Britain and Germany reopened diplomatic missions in Saudi Arabia on Saturday after shutting them in the wake of bloody suicide bombings in the capital Riyadh that killed 34 people last week.
But European and US warnings remained against non-essential travel to the Arab kingdom, which has arrested suspected supporters of Osama bin Laden's al-Qaeda over the May 12 attacks on residential compounds housing foreigners.
"The embassy is open for business as usual," said a British Foreign Office spokesman.
The spokesman said the government's advice to Britons thinking of traveling to Saudi Arabia remained unchanged.

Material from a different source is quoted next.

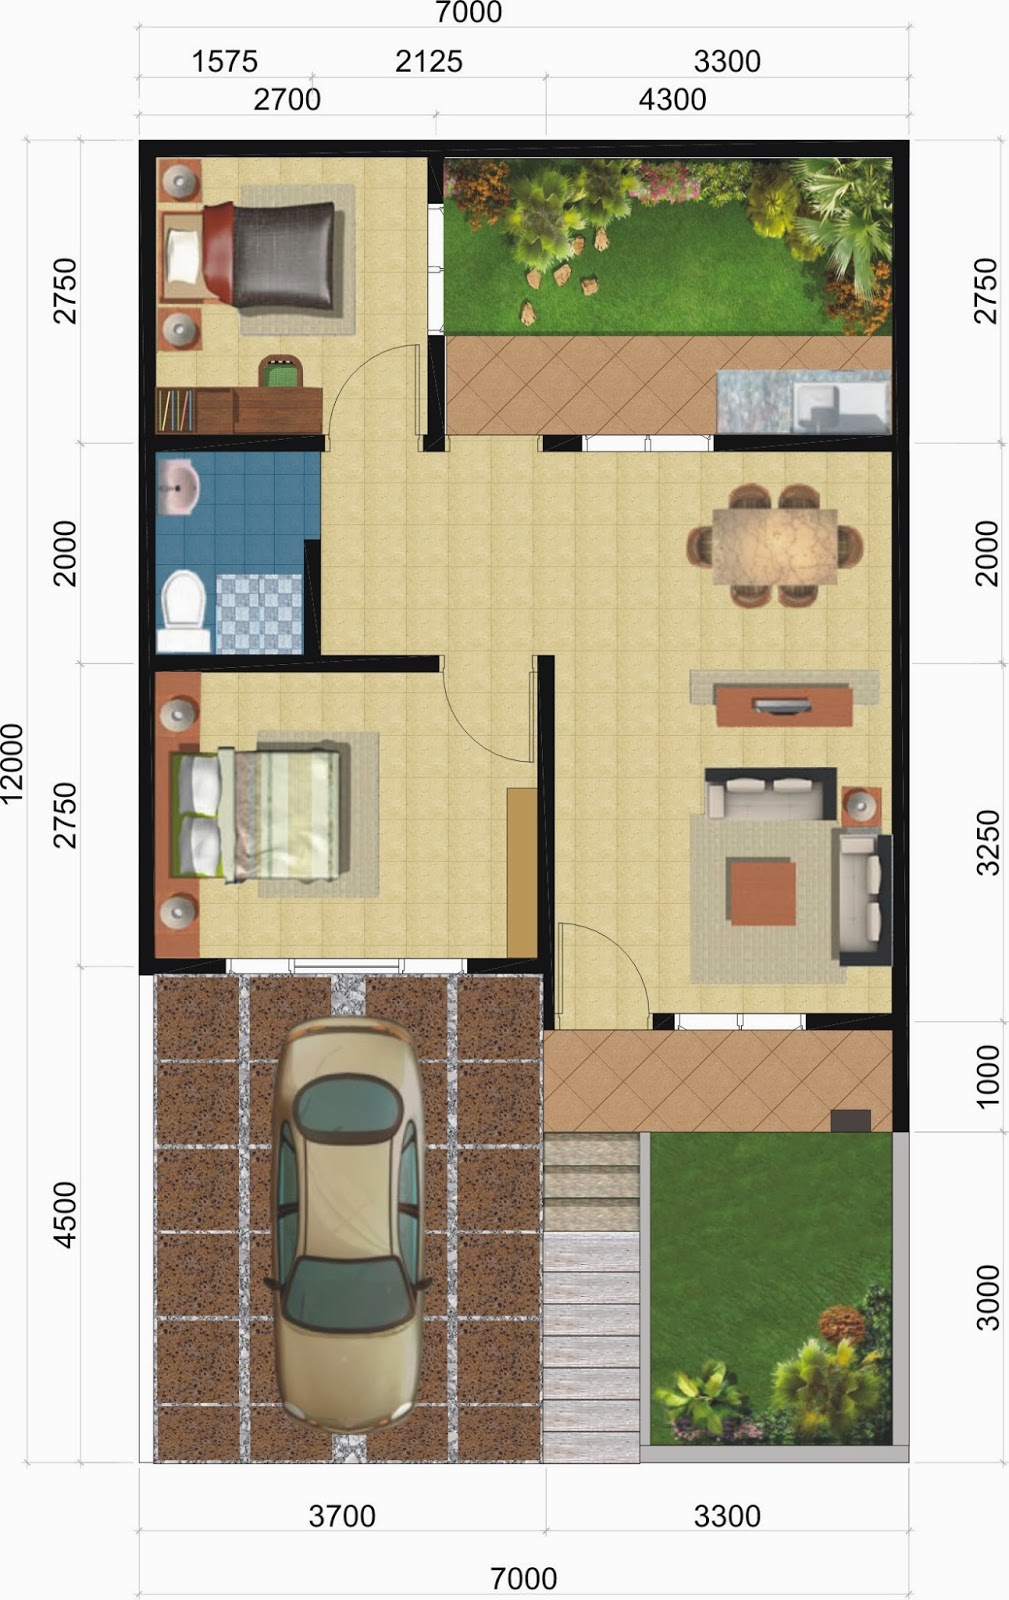 Gambar Desain Rumah Minimalis 1 Lantai Ukuran 5x12 Terbaru Desain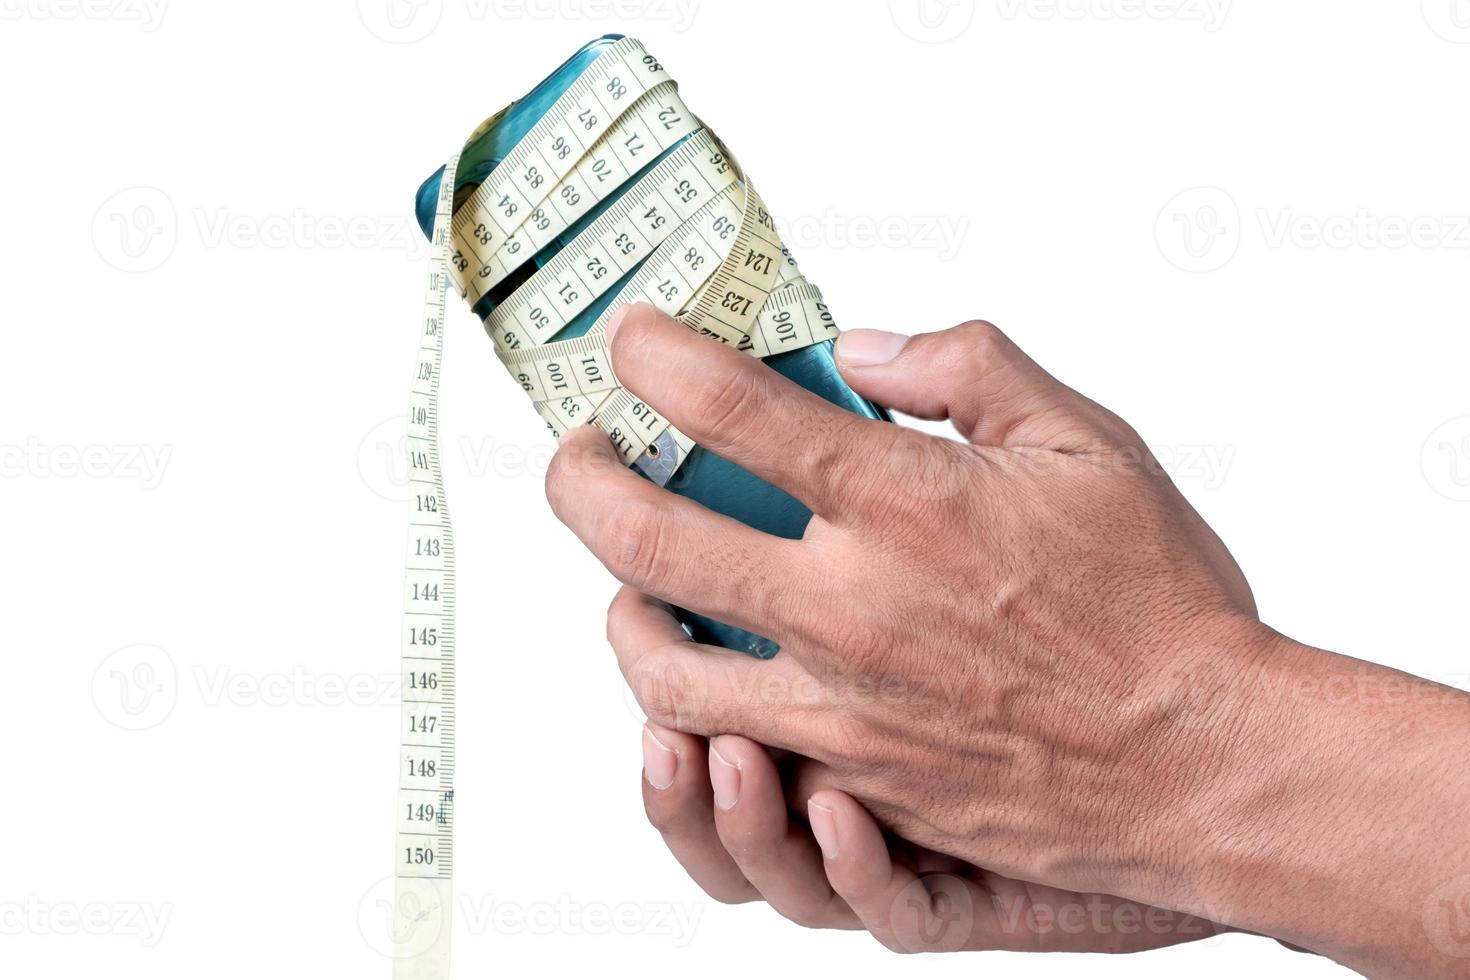 Masculin main en portant téléphone portable enveloppé avec mesure ruban isolé sur blanc Contexte photo

"We are asking people to avoid non-essential travel to Saudi Arabia," he said.
Germany said it had reopened the consular sections of its Riyadh embassy and its consulate in Jeddah.
Britain's ambassador to Saudi Arabia, Derek Plumbly, said on Wednesday the threat of terror attacks in the country was of a "completely new order" and of a greater scale than ever before.
The US also closed its embassy in Riyadh.
Suicide bombers also struck the Moroccan city of Casablanca last week, killing more than 40.
On Friday, European nations, Russia, the US and Japan pledged new joint action to fight al-Qaeda as Britain erected concrete barriers round parliament and the US issued precautions against a possible truck bombing.
The US has raised its domestic terror alert status to orange -- the second-highest level -- and many other countries have stepped up warnings to citizens since the bombings in Saudi Arabia and Morocco.
Al-Qaeda or groups linked to it have not carried out any successful bomb attacks on the countries that it targets since the September 11 attacks in the US in 2001.
Instead there have been attacks in Kenya and Bali and, then last week, Saudi Arabia and Morocco.